With the gates empty, the scheduler immediately picks up the pod and binds it. This is the "valve" that lets an external system control when a pod enters the scheduler — the foundation for patterns like gang scheduling (wait until the whole group is ready), or waiting for a specialized resource to become available, without keeping the scheduler busy for nothing.

🧹 Cleanup

kubectl delete deployment ts
kubectl delete pod gated oh-pod --now
kubectl delete runtimeclass overhead-demo

These are objects in the cluster, so deleting them cleans up. The cluster returns to two CoreDNS pods, two nodes Ready. Manifests at github.com/nghiadaulau/kubernetes-from-scratch, directory 36-topology-overhead-gates.

Wrap-up

Three finer scheduling mechanisms. Topology spread spreads pods by maxSkew — the difference between the most- and least-populated domain stays within a threshold (we saw 4 replicas → 2+2 even, allowing several pods/node, unlike Article 35's hard anti-affinity at 1/node); whenUnsatisfiable picks hard (DoNotSchedule) or soft (ScheduleAnyway).

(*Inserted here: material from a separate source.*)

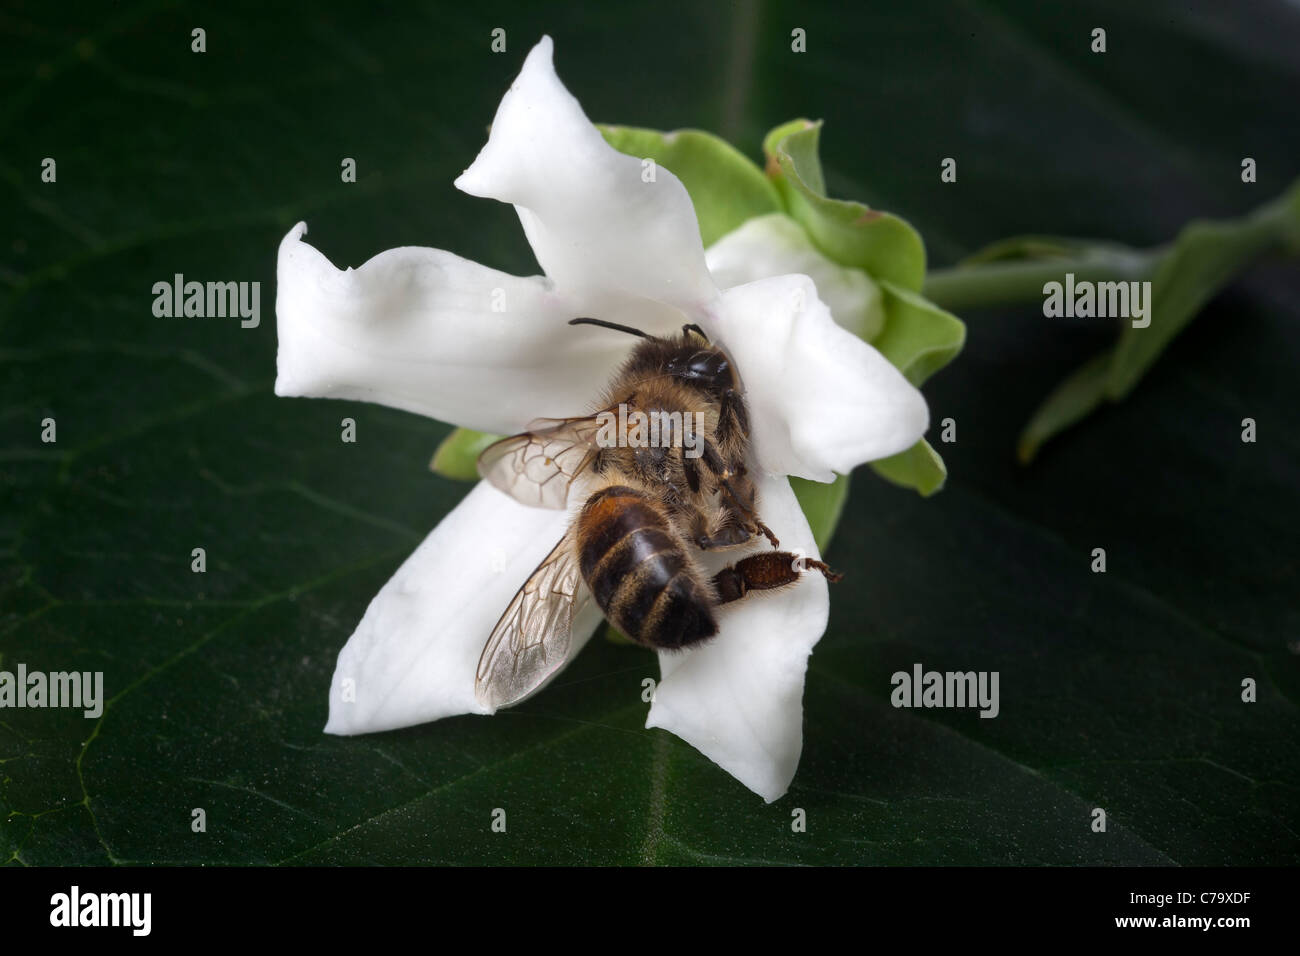 A bee dead from exhaustion after being trapped by a Cruel Vine (Araujia sericifera) flower. Stock Photo

Pod overhead via RuntimeClass adds a fixed amount (podFixed) for the sandbox/runtime to the pod's resources — we saw oh-pod contribute 200m CPU (100 container + 100 overhead) to the node, correct accounting. schedulingGates holds a pod in the SchedulingGated state (scheduler ignores it, unlike Pending) until the gate is removed — a valve for an external system to control when a pod enters the scheduler. Together with affinity/taint (Article 35), this is the full scheduler control set from the pod side.

Article 37 moves to priority and preemption: a pod with a high priorityClassName can evict lower-priority pods when a node runs out of room — exactly the PostFilter step ("Preemption is not helpful") we saw in Article 34, now made helpful.